## WHAT TO PRODUCE
Skip every image and restate the data word for word.

## INFORMATION PROVIDED
========

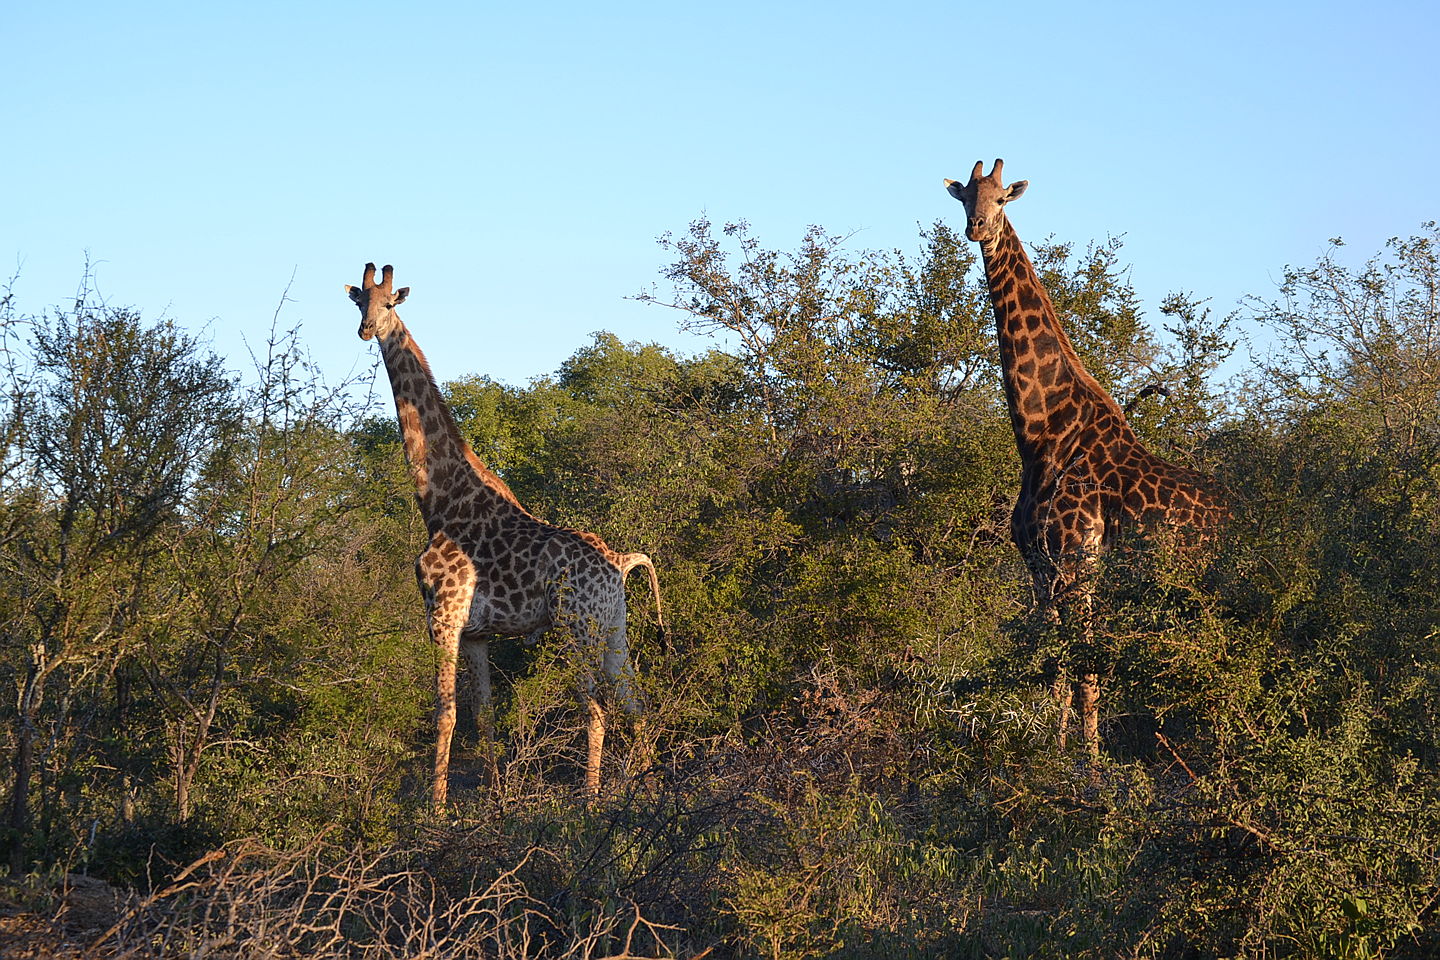  Hoedspruit
- giraffe
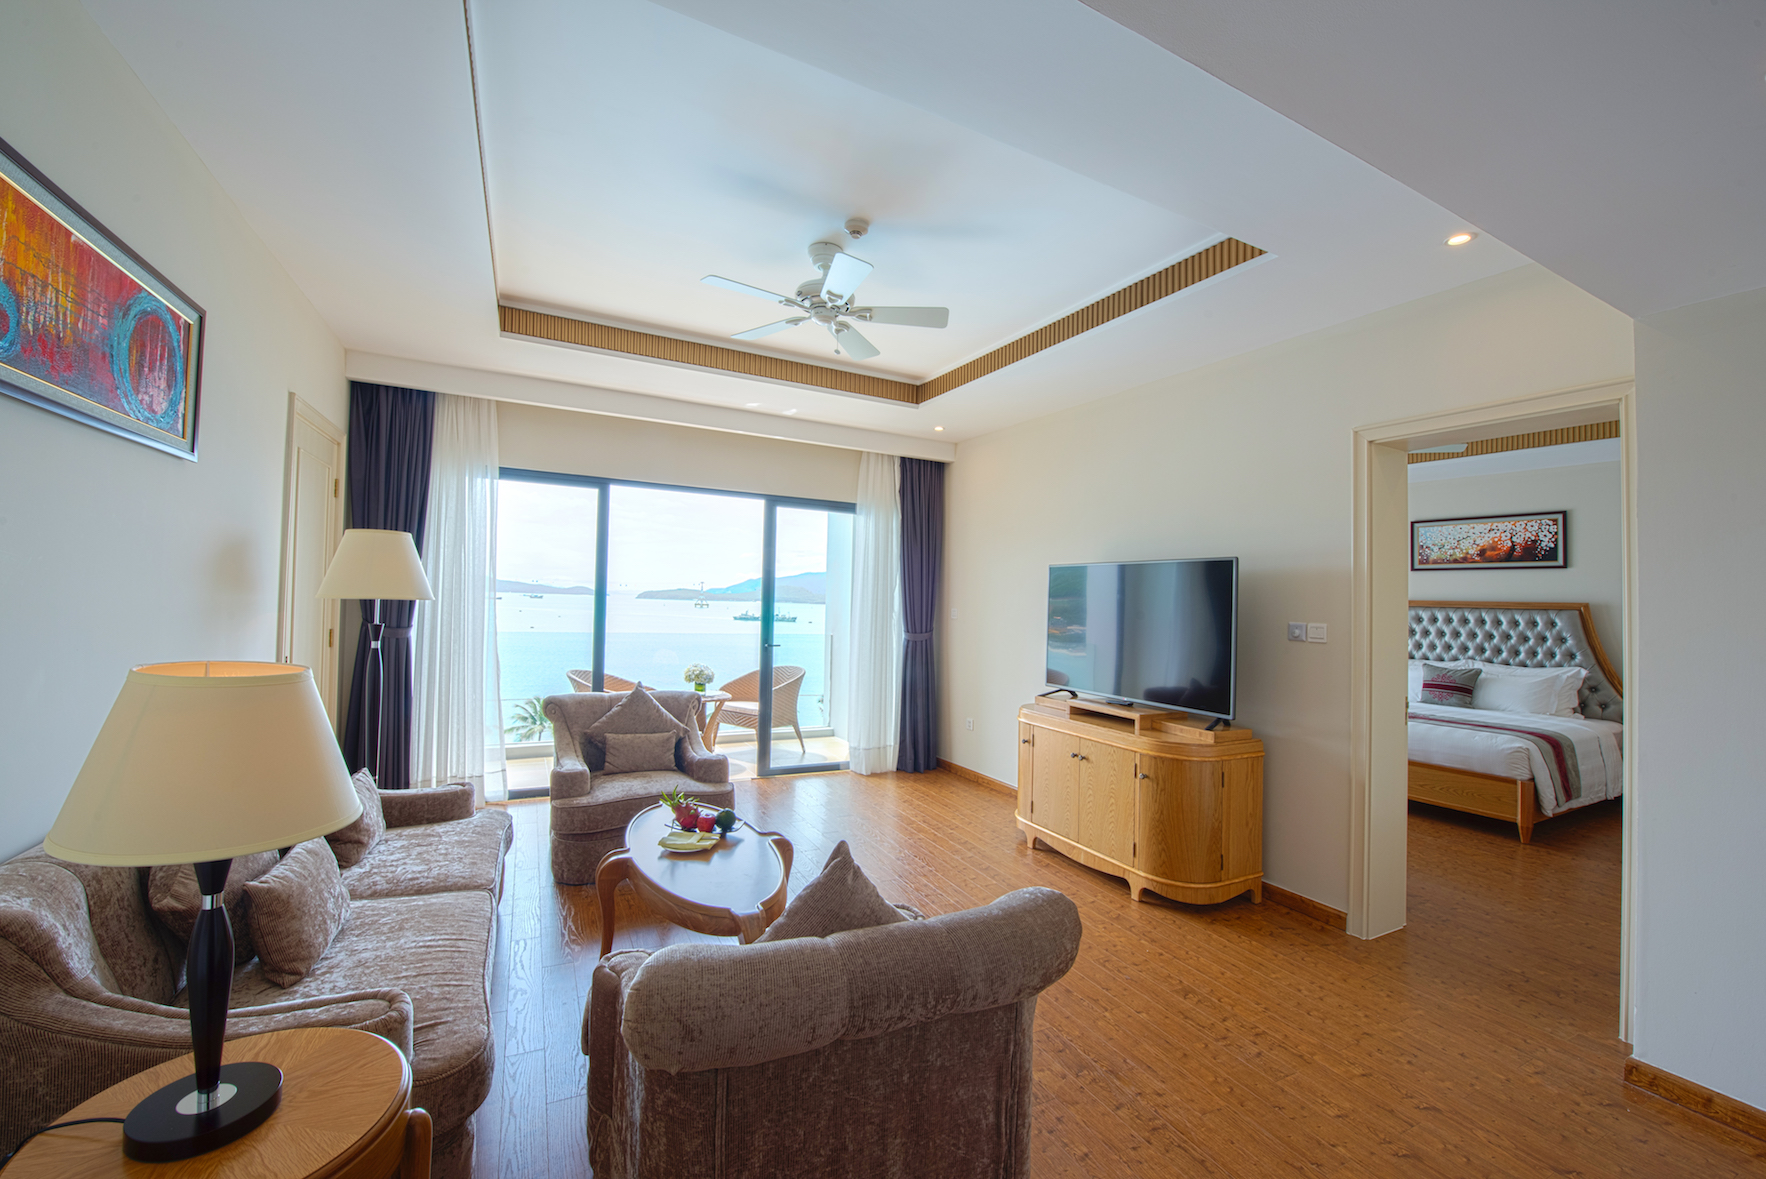 Vinpearl Resort & Spa Nha Trang Bay: tận hưởng kì nghỉ dưỡng 5*

========

## FINISHED TASK
  Hoedspruit
- giraffe
 Vinpearl Resort & Spa Nha Trang Bay: tận hưởng kì nghỉ dưỡng 5*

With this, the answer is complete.